Fig. 3: In situ SXRD assessment of the synthesis mechanisms.

a, Schematic of the experimental set-up and the sample condition. The actual configuration of the experimental instruments is provided in Extended Data Fig. 5. b, Two-dimensional (2D) phase evolution map plotted as a function of time showing the oxide reduction pathway. c, Schematic of the multi-step reduction mechanisms. The colour scale applied in all the oxide phases quantitatively indicates the oxidation state (that is, relative oxygen content). d, Relative phase fraction evolution determined through Rietveld refinement. Note that because of the mass loss during the redox reaction (that is, phase fraction of H₂O is unmeasurable by SXRD), datum points in the left and right panels cannot be used to back-derive absolute phase fraction with respect to the reactants.
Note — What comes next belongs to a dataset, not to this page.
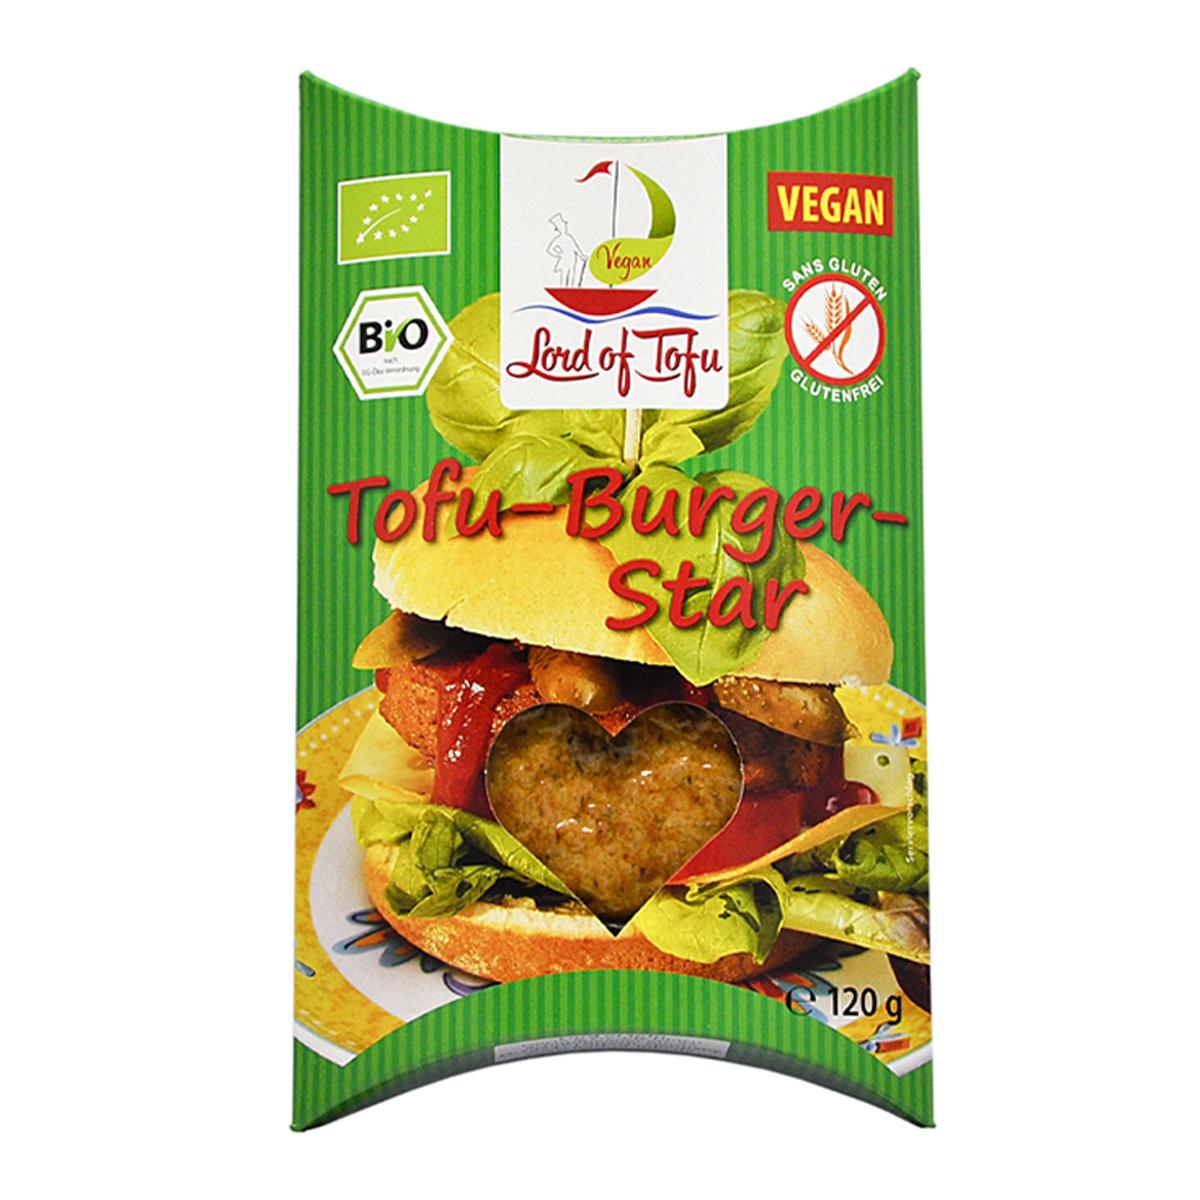 Lord of Tofu - Steak hâché pour burger au tofu 120g

In addition, because of the substantial reaction boundary condition differences between in situ SXRD and TGA, directly correlating these microscopic phase fraction evolution processes with the global conversion rate measurements may not be possible. e, Lattice constant change of the metallic fcc phase observed in the present experiment. Literature data for the pure Ni (ref. ²⁷) and the standard Fe–Ni invar alloy²⁵ are also included in the left panel as references. Inset: the peak shift of 111 and 200 peaks in the metallic fcc phase during 700 °C isothermal holding.